The Washington Post was “almost alone among national newspapers” reporting on Brown’s trial and Fox News was the only network to cover the murder trial and conviction.
The prosecutors “argued that Jesse suffocated to death during the sexual assault because of a combination of the drugs and the way he was trussed up.”
In March 2001, Brown was found guilty of first-degree murder and rape.
He was sentenced to life in prison, and this sentence was upheld on appeal by the Arkansas Supreme Court in September 2003.
In April 2001, Carpenter pleaded guilty to similar charges and was also sentenced to life.
Subsequently, Carpenter said on the Fox News Channel that Brown was solely responsible for the rape and murder of Dirkhising while Brown said that Carpenter was the director.

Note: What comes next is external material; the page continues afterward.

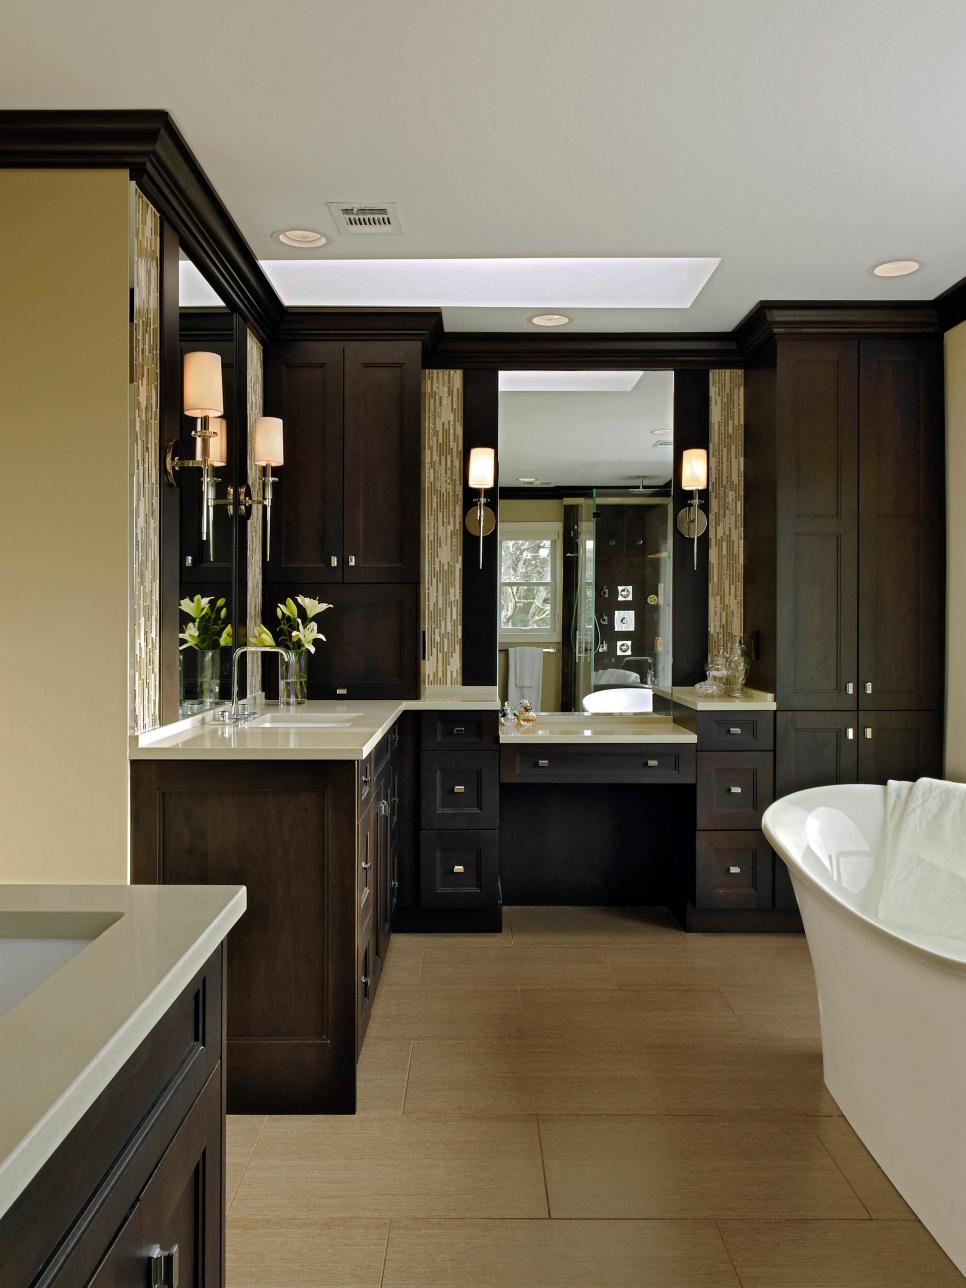 Spacious Bathroom With Wooden Cabinets and a Freestanding Tub

So they were correct in assuming that they would blame each other.
As of 2013 Carpenter is in prison in the Arkansas Department of Corrections in the Tucker Maximum Security Unit.
He entered the state prison system on April 26, 2001. As of 2013 Joshua Macave Brown, is in the East Arkansas Regional Unit. He had been received into the state prison system on April 4, 2001.
Memorials
No local memorials have been held since his brutal death at the hands of two homosexual predators who confessed to using the boy as a sex toy while torturing him to death.
Jesse’s classmates at Lincoln Middle School placed flowers on his school bus seat and memorialised his locker after his death.